La escasez de medios humanos que dedica Interior a luchar específicamente contra el tráfico de droga contrasta con los desastres que provoca. De los 40.000 presos que abarrotan las 70 cárceles del país, la mitad eran "toxicómanos activos" en el momento de ser detenidos, o lo que es lo mismo, cometieron su delito bajo los efectos de las drogas. Dieron con sus huesos en prisión por delitos contra el patrimonio -robar para conseguir su dosis- o contra la salud pública -tráfico de estupefacientes-. El 20% de la población reclusa -unos 8.000 presos- es portadora del virus del sida. De ellos, el 87% lo contrajo a través de la jeringuilla con la que se inyectaba la droga. Sólo a gasto farmacéutico, Instituciones Penitenciarias dedica 3.000 millones de pesetas al año. Lo más caro, los antirretrovirales: el tratamiento de una persona con el virus del sida supera los tres millones de pesetas al año. Pero, muy por encima de los números, está el sufrimiento, los dramas que provoca la droga a los que no se pueden desenganchar de su adicción o de la enfermedad sobrevenida. También a los que vieron en un negocio tan rentable la posibilidad de salir de la miseria.

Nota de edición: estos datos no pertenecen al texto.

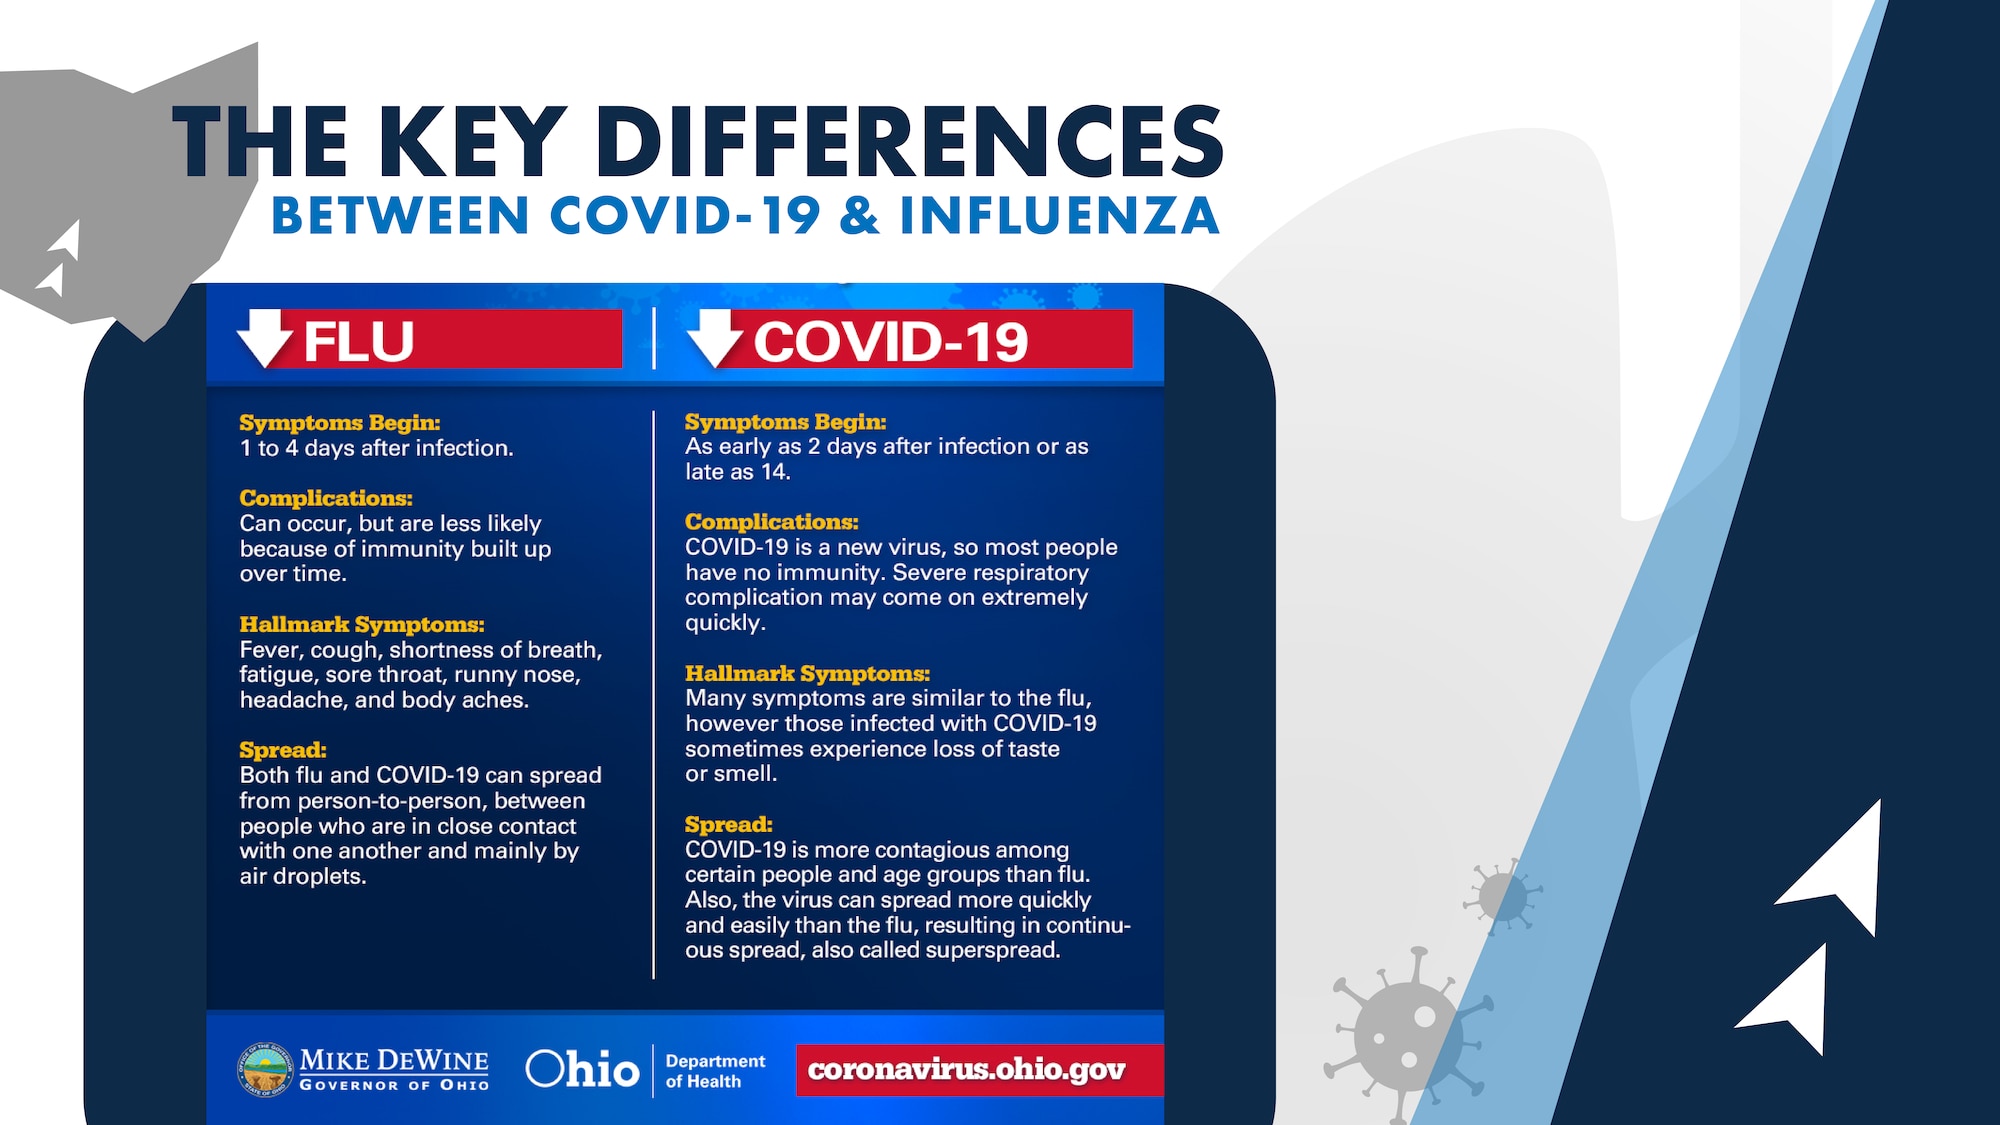 Key differences between COVID-19 and Influenza in accordance with Ohio Health Department Guidelines

Es el caso de las mulas, palabra que se utiliza en la jerga policial para designar a los pasadores de drogas. Hay un ejemplo que lo demuestra todo. Meses después del terrible terremoto que asoló Colombia en enero de 1999 dejando un millar de muertos, 4.000 heridos y 250.000 personas sin hogar, en el aeropuerto de Barajas empezaron a caer pasadores de droga a un ritmo vertiginoso. Aquellos hombres y mujeres tenían un detalle en común. Casi todos venían de Pereira, la ciudad más afectada.
La policía admite el problema, aunque su portavoz oficial asegura que es heredado. "Desde la dirección", sostiene, "se insiste en que hay que cambiar las fórmulas de investigación, trabajar de otra manera, buscar nuevos métodos". Los investigadores piensan otra cosa. Se quejan por la falta de medios humanos y técnicos -los narcotraficantes manejan sistemas costosísimos que la policía no tiene- y también por la afición del actual director general, Juan Cotino, a la policía de proximidad. "Se está preocupando", dice uno de los investigadores, "de detener al camello de la esquina para satisfacer a los vecinos y ganar votos sin darse cuenta de que los señores de la droga siguen campando a sus anchas".
Por si fuera poco, al malestar entre los agentes antinarcóticos y quien los manda se unen los celos atávicos entre policías y guardias civiles, que raramente comparten una operación. Un rifirrafe múltiple que a los jefes de la droga les viene de perlas.